Build a list that suits you.
But be a fucking psychopath about how healthy you're going to get.

Sunday night throw out all your bad shit.
On Monday go to the grocery store and buy all the healthy food.

Try one day eating only healthy food, prepared for the moments where you'd normally eat bad stuff, like maybe while watching a movie.

If you can get through one healthy day, then try 2, then a full week. Just know that the positive effects aren't immediate. You may even feel worse at first due to your body having to adjust. But keep at it.

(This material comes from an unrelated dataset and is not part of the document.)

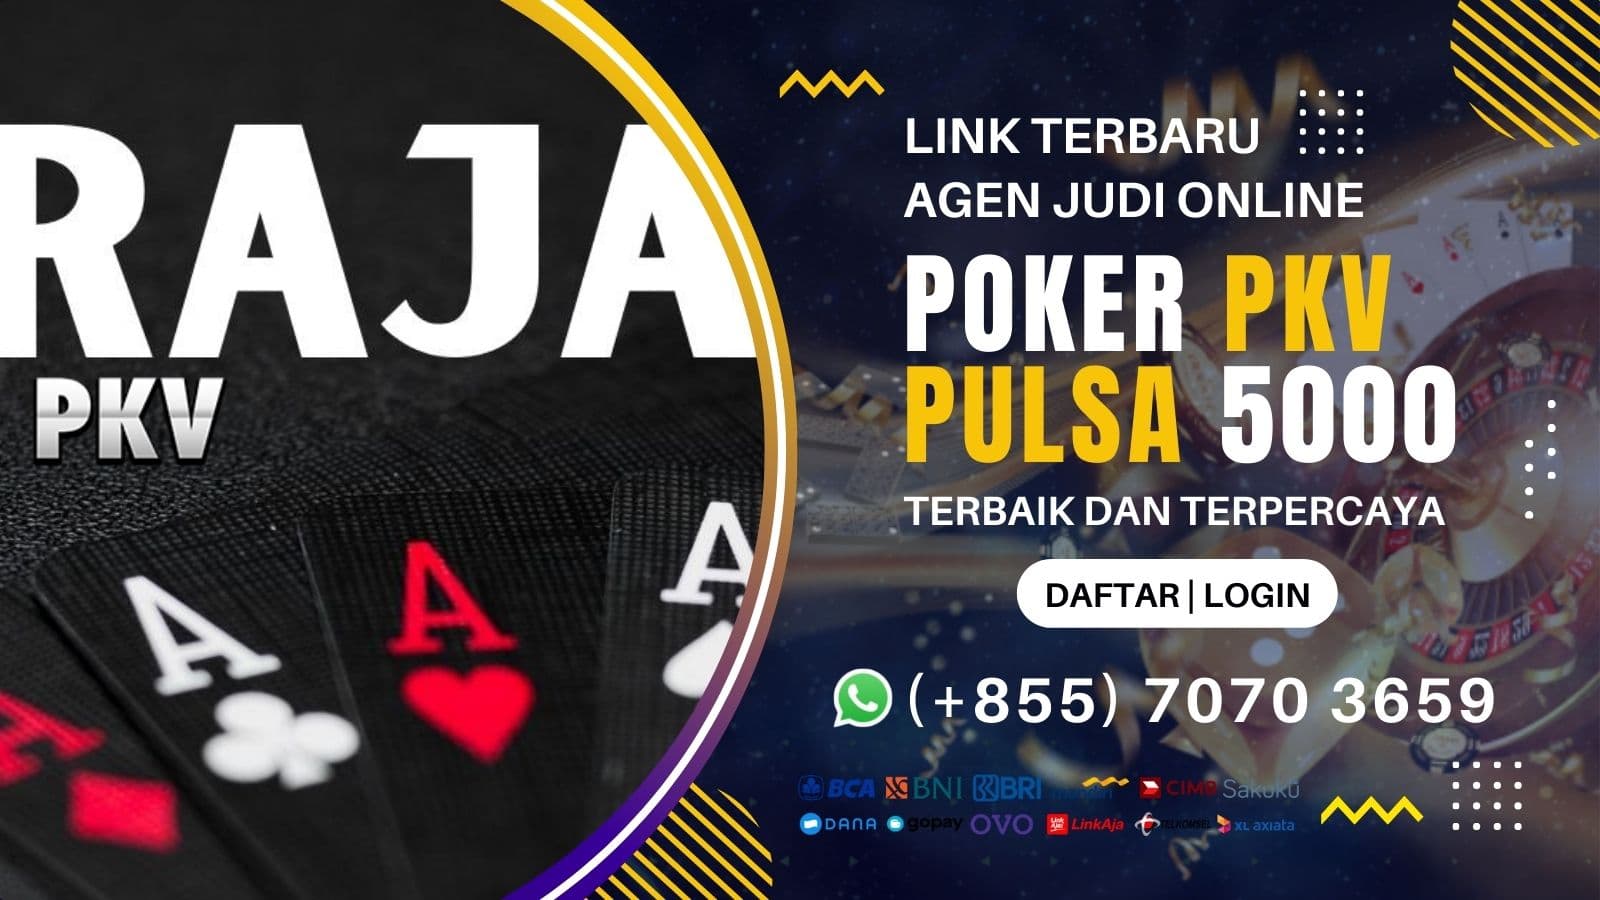 poker-pkv-pulsa-5000.jpeg?a7a3ec5e584736e3826c73f545b5d2ae
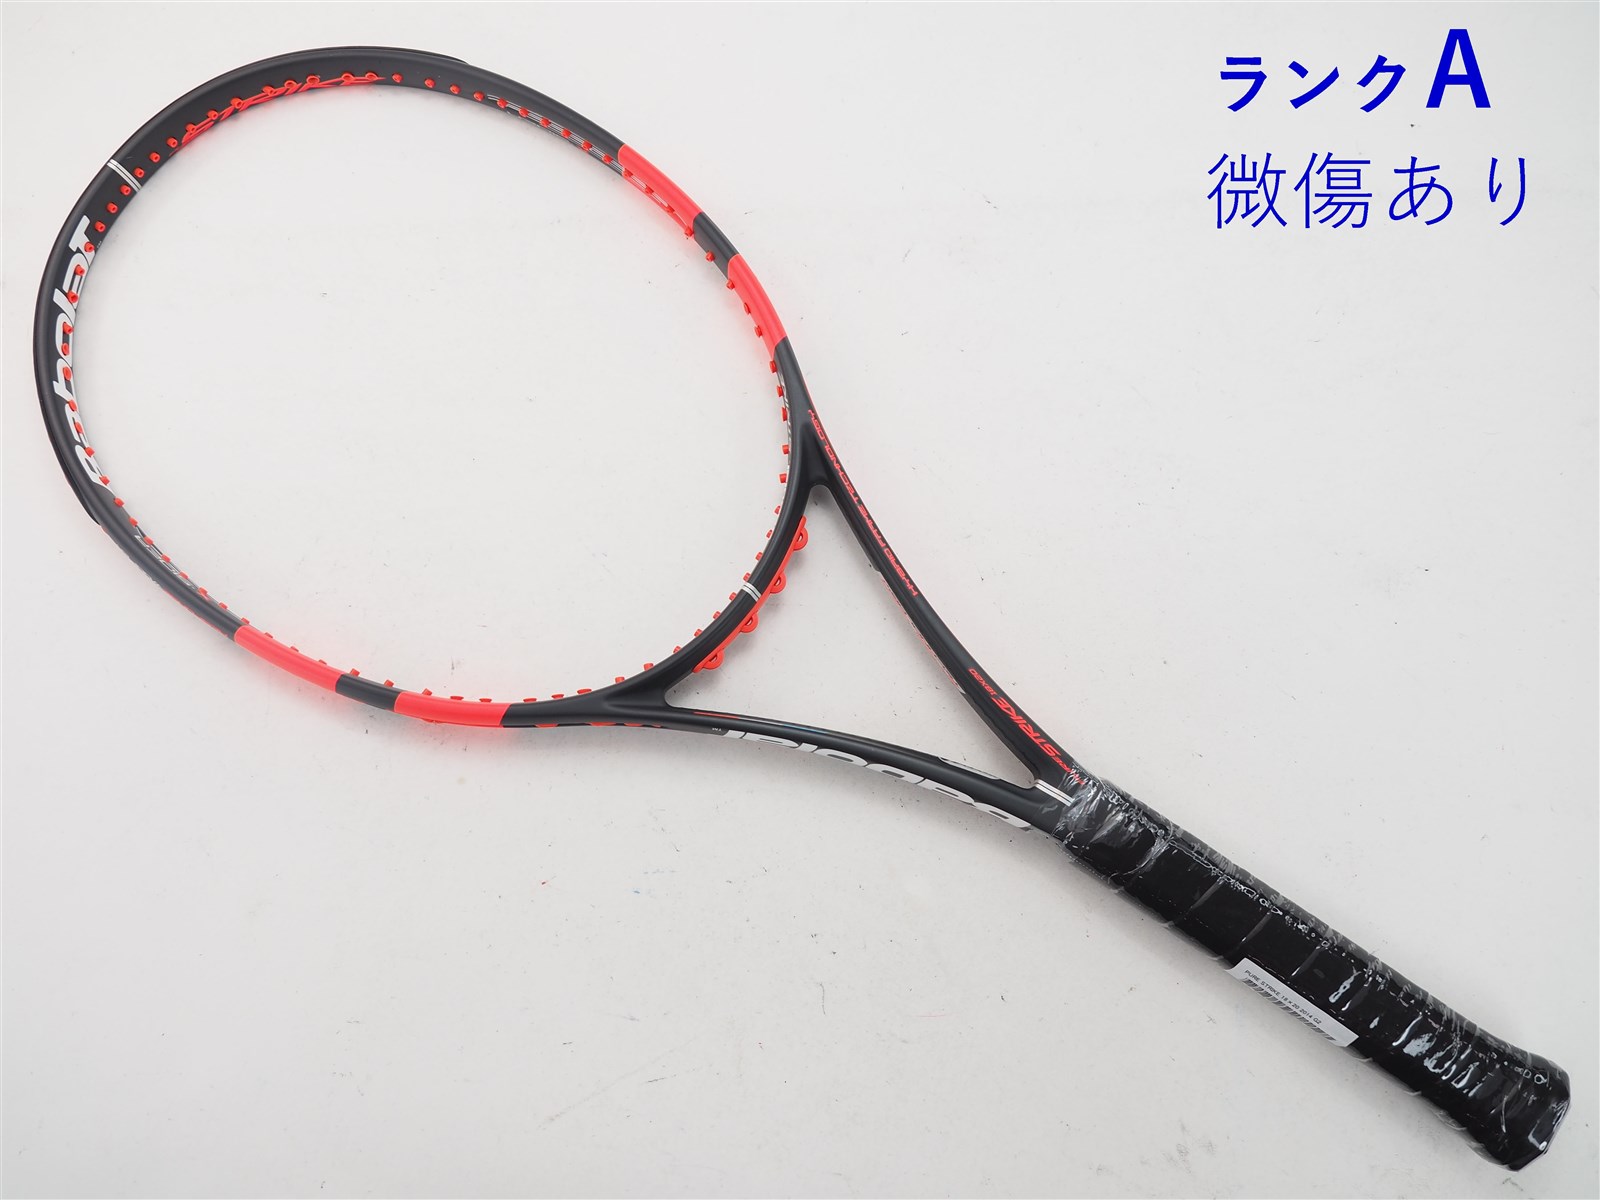 バボラ 硬式テニスラケット ピュア ストライク 18×20 BF101197 Babolat

This is an action you can take right away.

It isn't a solution to all your problems, but it's a starting point, which is sometimes all we need to get the ball rolling.

This Monday, dude. I really encourage you to give it a try.
 
What’s up Sherdog. I’ve been stalking here ever since high school and just said fuck it imma make an account, and maybe be more social here. I’m not your typical sherdogger, I’m not 6’11 with adcc gold and lumpini stadium belts, nor can I bench 150 kg wit my dick, lmao.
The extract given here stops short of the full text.